David Lammy: Labour has no plans to reinstate Jeremy Corbyn as Labour MP

Elliot Chappell
© Alexandros Michailidis/Shutterstock.com

David Lammy has urged Jeremy Corbyn to withdraw his name from a Stop the War Coalition statement criticising NATO amid the conflict in Ukraine and said “I don’t think there are any plans to reinstate him” as a Labour MP.

In a Times Radio interview this morning, the Shadow Foreign Secretary said that by signing the declaration recently the former Labour leader and now Independent MP was “effectively parroting the lines that are coming from Vladimir Putin that suggest that this is because of threats from NATO, or NATO expansion”.

“This is about imperial ambition, on behalf of Vladimir Putin. It’s about very, very sadly waging war on innocent people children dying overnight. I’m afraid no member of parliament in a free democratic system like ours should sign up to that agenda that is effectively his,” Lammy told listeners.

His comments came after backbench MP Zarah Sultana warned that accusations made in relation to the 11 Labour MPs who also signed the statement had “crossed the line from false to dangerous” after she received a “horrific” death threat.

Asked whether restricting Labour MPs from criticising NATO is “a bit Stalinist”, Lammy said that the left should be “proud” of the “instrumental” role that the Labour Party played in setting up the alliance in the wake of the Second World War.

Sultana, along with Diane Abbott, John McDonnell, Richard Burgon, Ian Lavery, Beth Winter, Bell Ribeiro-Addy, Apsana Begum, Mick Whitley, Tahir Ali and Ian Mearns, had signed the statement by the organisation once chaired by Corbyn.

But the 11 MPs subsequently pulled their support from the statement on Thursday after being urged to do so by Labour’s chief whip because, LabourList understands, it was thought they would have the whip withdrawn if they refused.

In a statement shared on social media on Friday, Sultana highlighted that BBC Coventry and Warwickshire Radio had been forced to apologise for alleging that the MPs had “suggested NATO is responsible for the crisis in Ukraine” and that LBC broadcaster Iain Dale had described the MPs as “fifth columnists”.

Sultana wrote: “Like all my colleagues, I am horrified at the Russian invasion of Ukraine. I stand with the people of Ukraine and have unequivocally condemned Putin’s actions; I loathe his authoritarian, nationalist and right-wing regime.”

She added: “This McCarthyite environment doesn’t just increase the threat of violence to public figures.
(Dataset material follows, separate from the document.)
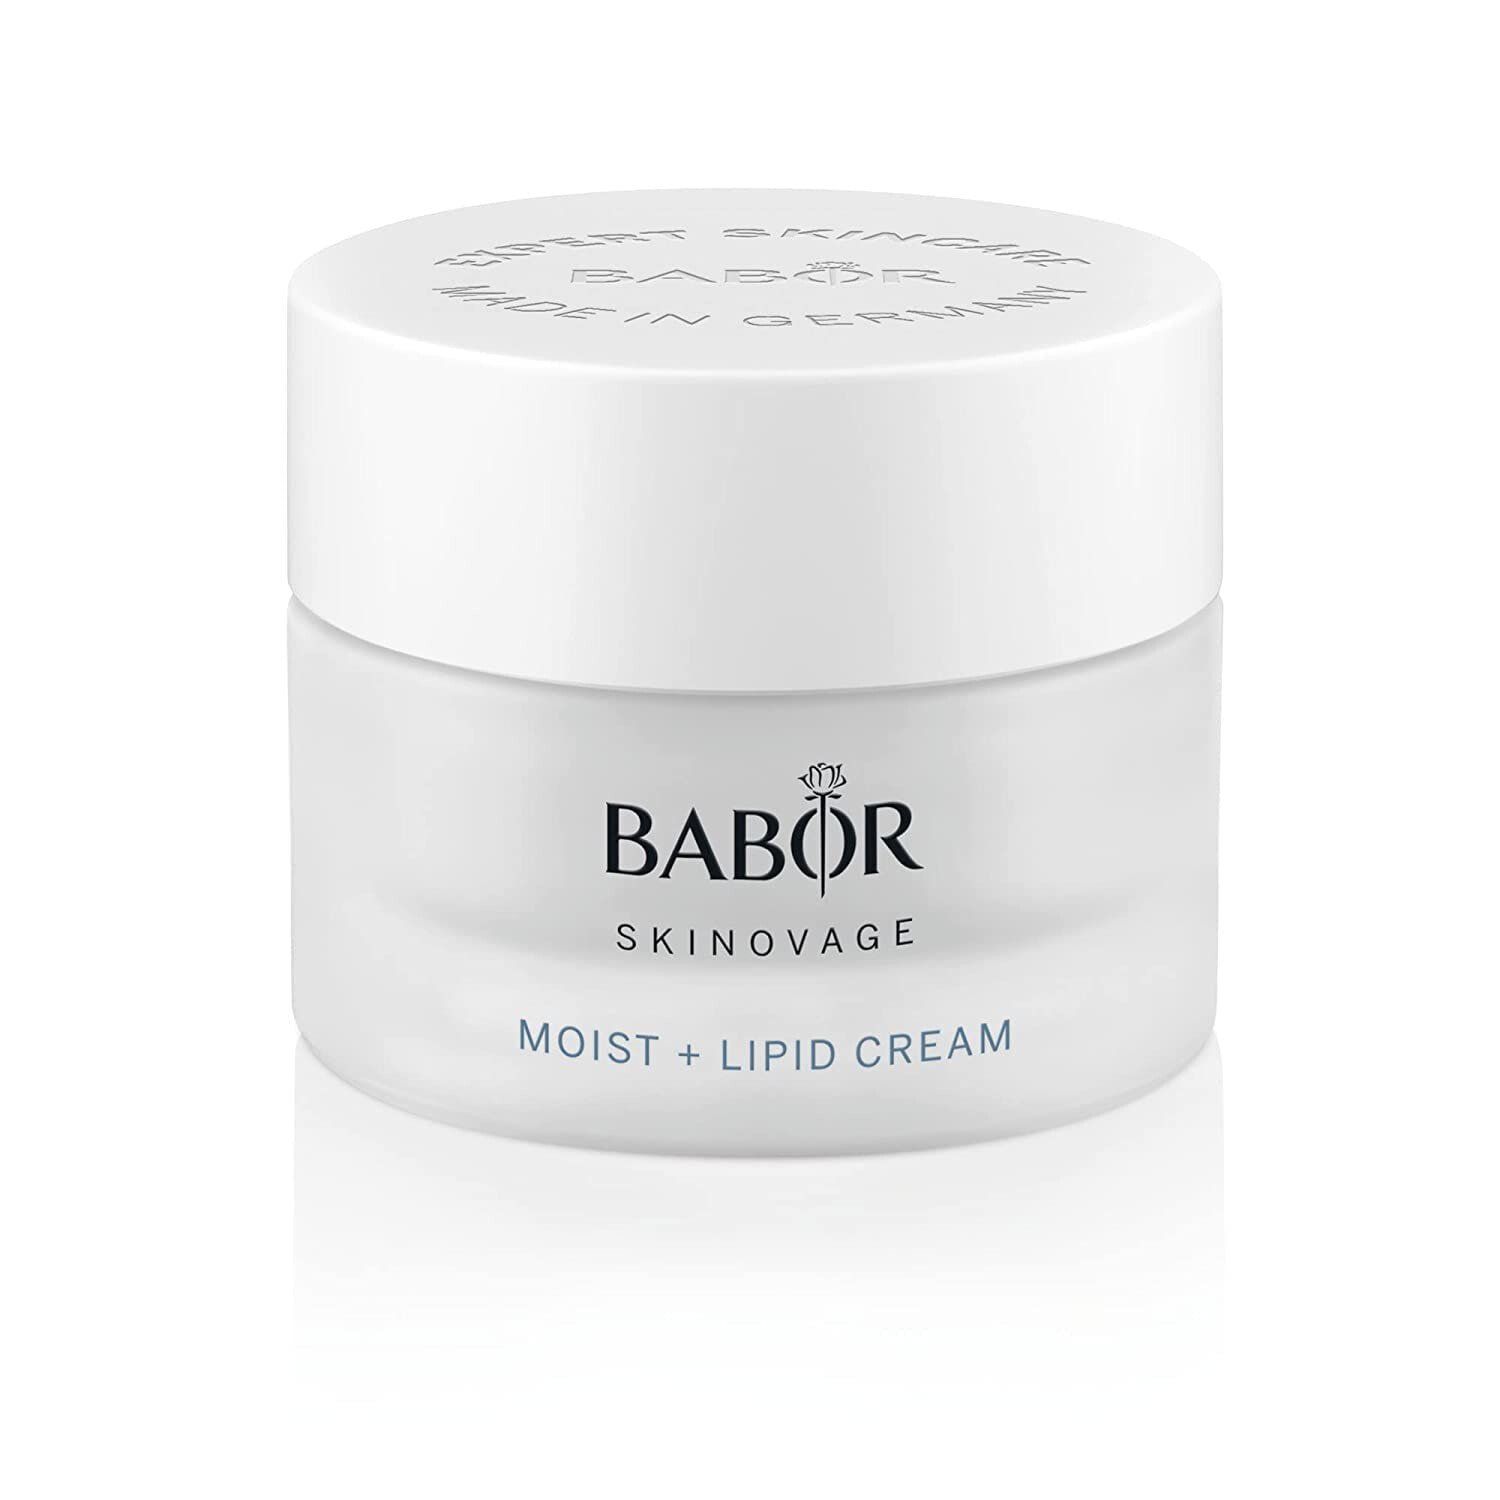 BABOR Skinovage Moist & Lipid Cream, Rich Face Cream for Dry Skin

It also threatens to weaken our democracy, radically narrowing political debate and silencing dissent to establishment opinion. This is deeply unhealthy for our society and must be challenged.”

The declaration stated that “Russia and Ukraine should reach a diplomatic settlement of the tensions between them” and that NATO should “call a halt to its eastward expansion”. It also refuted “the idea that NATO is a defensive alliance”.

It criticised the British government for sending arms to Ukraine and for having “talked up the threat of war continually”. Keir Starmer has been strongly supportive of the UK government supporting Ukraine via military equipment and training.

The statement said: “Our focus is on the policies of the British government which have poured oil on the fire throughout this episode. In taking this position we do not endorse the nature or conduct of either the Russian or Ukrainian regimes.”

The declaration from February 18th was also signed by Labour Unions chair and ASLEF train drivers’ union general secretary Mick Whelan, plus independent MPs Corbyn and Claudia Webbe, none of whom have removed their names.

Corbyn was suspended from Labour in 2020, before being readmitted but having the whip suspended, after responding to the Equality and Human Rights Commission report into antisemitism within the party by claiming that “the scale of the problem was also dramatically overstated for political reasons by our opponents”.

Keir Starmer told Nick Robinson on his Political Thinking podcast in November that he has not spoken to the MP for Islington North in over a year and that the ex-leader may not be able to stand as a Labour candidate at the next election.

Labour’s national executive committee considered a motion on restoring the Labour whip to the former leader last month. The motion was defeated with 23 votes against, 14 for and one abstention.